Watching the pandemic unfold, Marks and her team saw an opportunity to help. They rebuilt Eve into a tool called Evescape for the purpose of predicting viral variants.

They took the generative model from Eve – which can predict mutations in viral proteins that won’t interfere with the virus’s function – and added biological and structural details about the virus, including information about regions most easily targeted by the immune system.

“We’re taking biological information about how the immune system works and layering it on our learnings from the broader evolutionary history of the virus,” said co-lead author Nicole Thadani, a former research fellow in the Marks lab.

Such an approach, Marks said, meant Evescape had a flexible framework that could be easily adapted to any virus.

In the new study, the team turned the clock back to January 2020, just before the Covid-19 pandemic started. Then they asked Evescape to predict what would happen with Sars-CoV-2.

“It’s as if you have a time machine,” Marks said. “You go back to day one, and you say, I only have that data, what am I going to say is happening?”

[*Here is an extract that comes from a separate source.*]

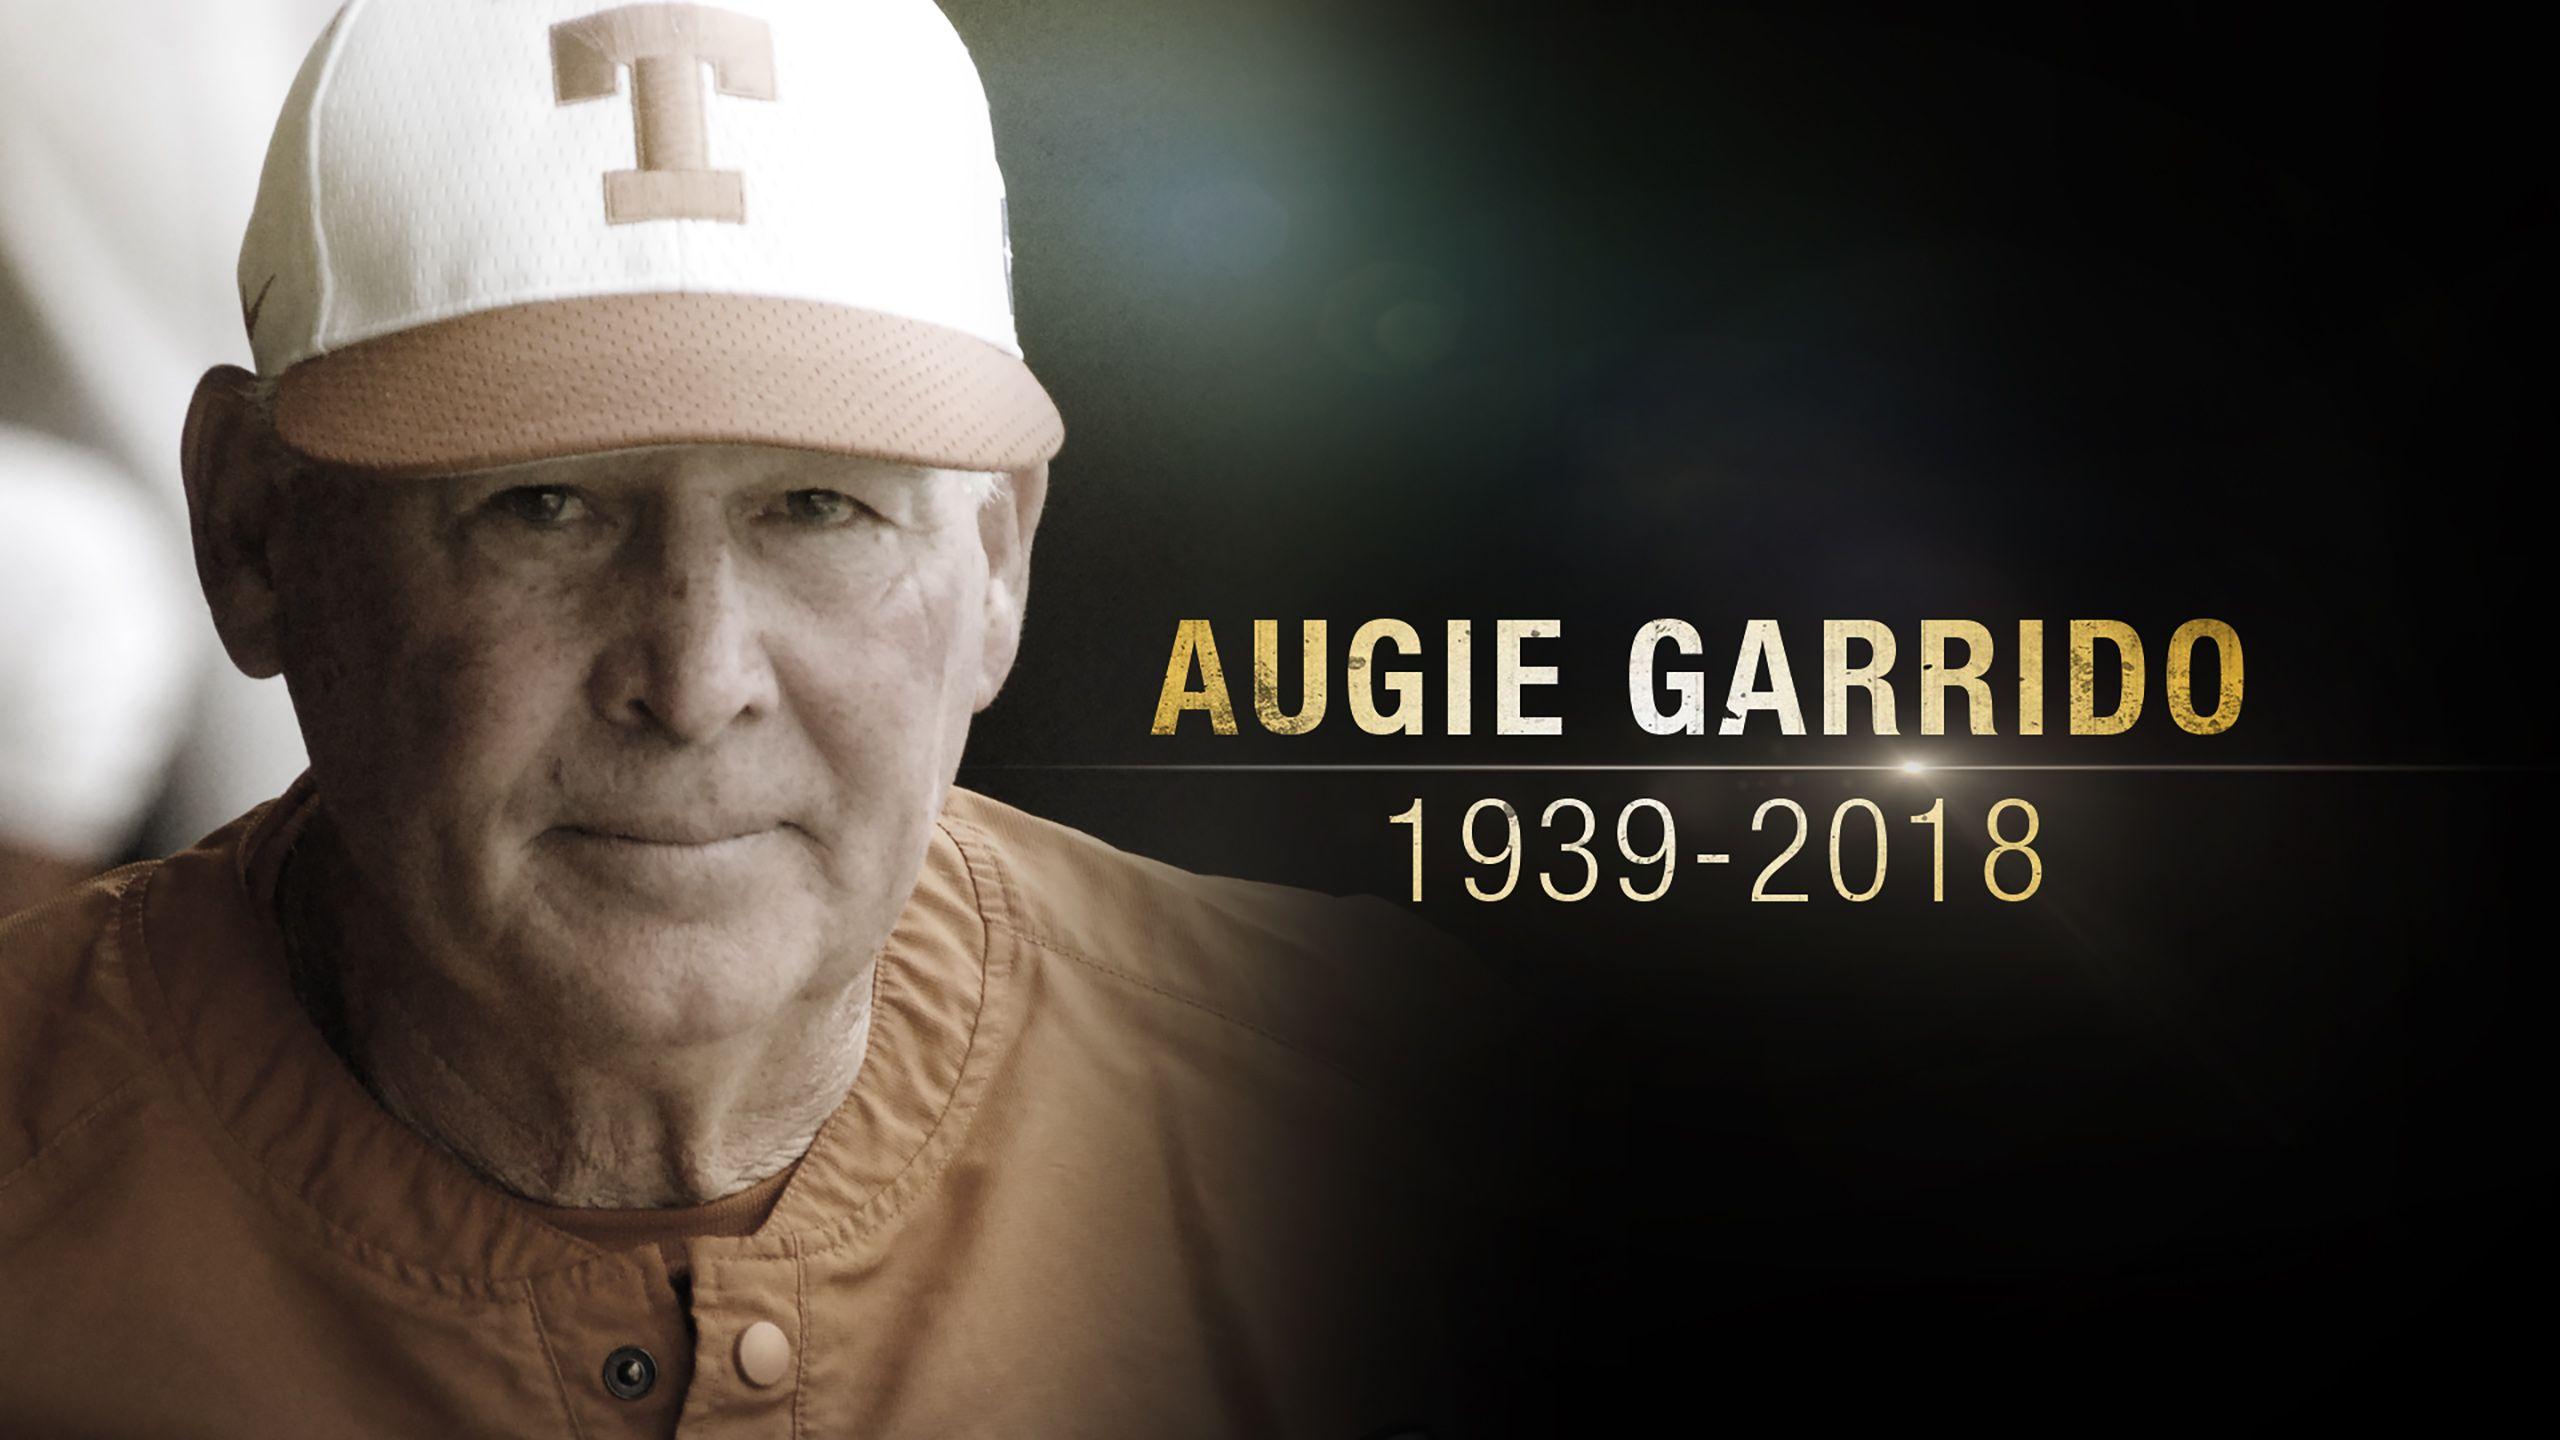 Augie Garrido Tribute

Evescape predicted which Sars-CoV-2 mutations would occur during the pandemic with accuracy similar to experimental approaches that test the virus’ ability to bind to antibodies made by the immune system. Evescape outperformed experimental approaches in predicting which of those mutations would be most prevalent. More importantly, it could make its predictions more quickly and efficiently than lab-based testing since it didn’t need to wait for relevant antibodies to arise in the population and become available for testing.

Additionally, Evescape predicted which antibody-based therapies would lose their efficacy as the pandemic progressed and the virus developed mutations to escape these treatments.

The tool was also able to sift through the tens of thousands of new Sars-CoV-2 variants produced each week and identify the ones most likely to become problematic.

“By rapidly determining the threat level of new variants, we can help inform earlier public health decisions,” said co-lead author Sarah Gurev, a graduate student in the Marks lab from the electrical engineering and computer science programme at MIT.

In a final step, the team demonstrated that Evescape could be generalised to other common viruses, including HIV and influenza.

The team is now applying Evescape to Sars-CoV-2 in real time, using all of the information available to make predictions about how it might evolve next.

The researchers publish a biweekly ranking of new Sars-CoV-2 variants on their web site (evescape.org/variantsofconcern) and share this information with entities such as the World Health Organisation. The complete code for Evescape (github.com/OATML-Markslab/EVEscape) is also freely available online.

They are also testing Evescape on understudied viruses such as Lassa and Nipah, two pathogens of pandemic potential for which relatively little information exists. Such less-studied viruses can have a huge impact on human health across the globe, the researchers said.

Another important application of Evescape would be to evaluate vaccines and therapies against current and future viral variants. The ability to do so can help scientists design treatments that are able to withstand the escape mechanisms a virus acquires.

“Historically, vaccine and therapeutic design has been retrospective, slow and tied to the exact sequences known about a given virus,” Thadani said.

Noor Youssef, a research fellow in the Marks lab, added: “We want to figure out how we can actually design vaccines and therapies that are future-proof.”

Additional authors on the paper included Pascal Notin, Nathan Rollins, Daniel Ritter, Chris Sander and Yarin Gal.

Funding for the research was provided by the National Institutes of Health, the Coalition for Epidemic Preparedness Innovations, Chan Zuckerberg Initiative, GSK, UK Engineering & Physical Sciences Research Council, and Alan Turing Institute.

Marks is an advisor for Dyno Therapeutics, Octant, Jura Bio, Tectonic Therapeutic and Genentech, and is a co-founder of Seismic Therapeutic. Sander is an advisor for CytoReason.